The Beijing summer Olympics are more than four months away, but they’ll generate plenty of buzz in Seattle and San Francisco next week — buzz that will have nothing to do with sports and everything to do with morality.
The Olympic torch is scheduled to be carried through San Francisco on April 9, and the city is preparing for massive protests. Two days later, the Dalai Lama, the exiled Tibetan spiritual leader whose followers back home have had recent protests put down violently by Chinese troops, will arrive in Seattle for five days of events organized by a group called Seeds of Compassion.
The International Olympic Committee’s controversial decision to award the 2008 Games to Beijing posed a dilemma for the West, as does the West’s enormous and growing economic dependence on China. Does engaging China and its brutal, authoritarian regime help or hinder the prospects of its people to escape persecution?
The consensus view, that isolating China would be worse, probably is driven more by economic considerations than moral ones. Without a strong trade relationship with the world’s most populous nation, our own financial fortunes would suffer greatly. China is an enormous export market for our state alone (Boeing sells a whole lot of airplanes there), which translates into jobs. The big-box stores that save Americans so much money would have virtually empty shelves if not for Chinese imports. Plus, the deficit spending our federal government so depends on wouldn’t be possible without the Chinese government buying U.S. Treasury securities.
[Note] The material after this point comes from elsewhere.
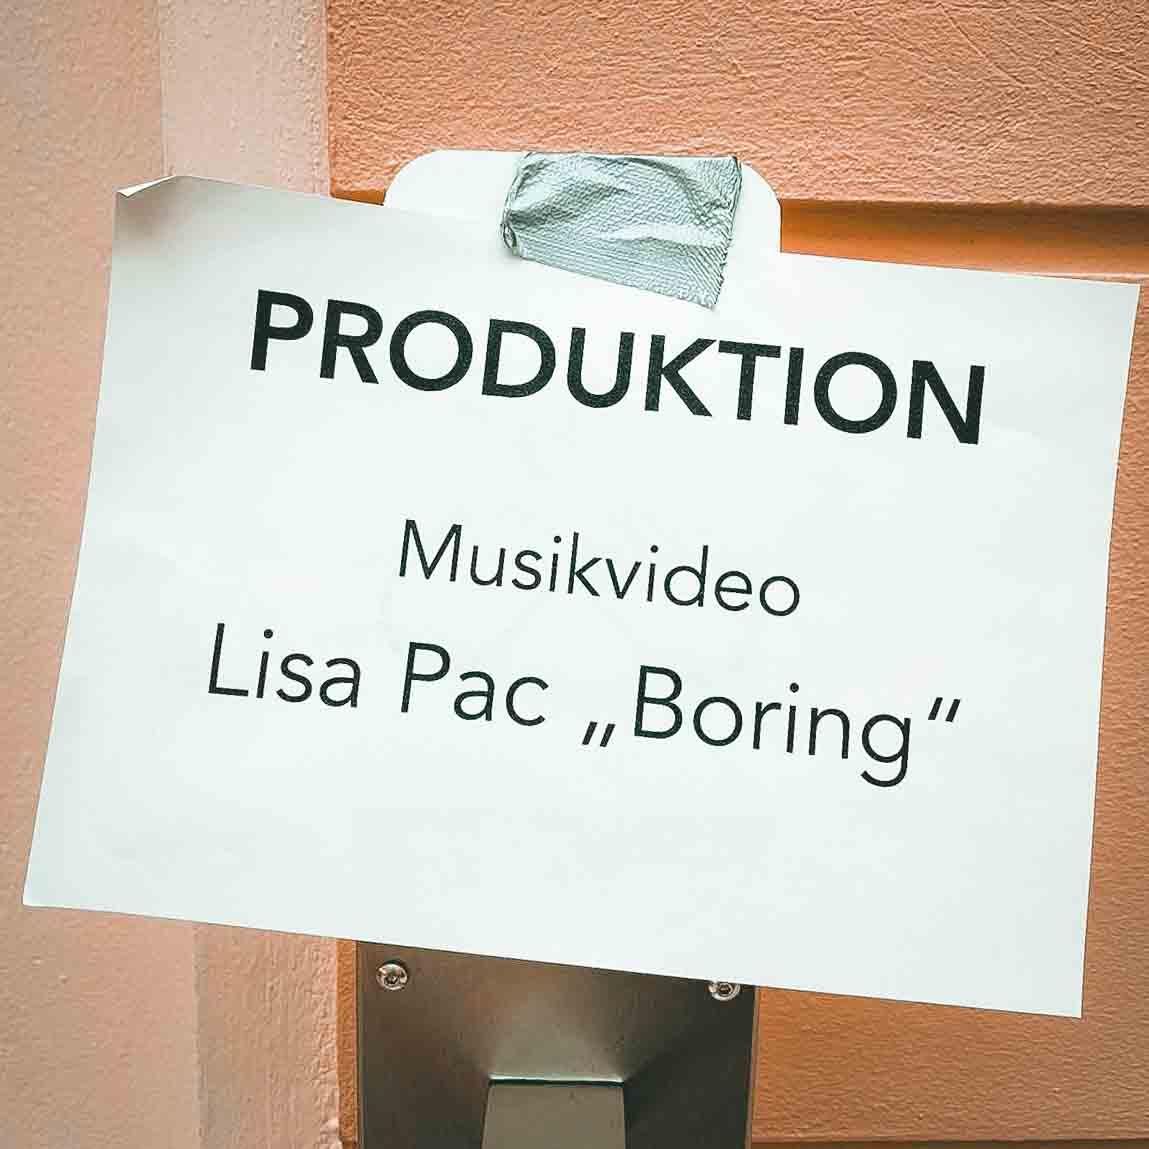 Lisa Pac - Boring BTS Pics Komprimiert (11 von 19)

Putting China on the world stage as an Olympic host, it was hoped by many, would help draw it more toward the global mainstream, building upon the free-market expansion the communist regime has embraced. But the recent use of force against monks rallying for Tibetan independence has instead conjured memories of the bloody Tiananmen Square massacre of 1989. China’s support for the genocidal regime in Sudan continues, too.
China’s leaders, it seems, are sending a message that human rights will not be part of any progress the Games inspire within its borders. An understandable reaction is to consider an Olympic boycott, an idea that isn’t getting much traction but will no doubt be debated in the coming days.
The U.S.-led boycott of the 1980 Moscow Games following the Soviet invasion of Afghanistan was counterproductive, producing a hardship on the athletes but none of its intended results. The Soviet bloc’s tit-for-tat boycott of the 1984 Los Angeles Games magnified the error. Many experts say a boycott of the Beijing Games could spark an even more severe backlash against Tibetan protesters.
The better course is to use the Games’ international stage as a bully pulpit for calling global attention to China’s brutal suppression of its own people. The media will also have ample opportunity to showcase China’s growing environmental degradation, increasing global pressure on the government to clean up its act.
China is much too big and powerful to be pushed effectively. The West must exert influence where it can, though, and the Olympics could well provide such an opportunity — as long as we’re there for them.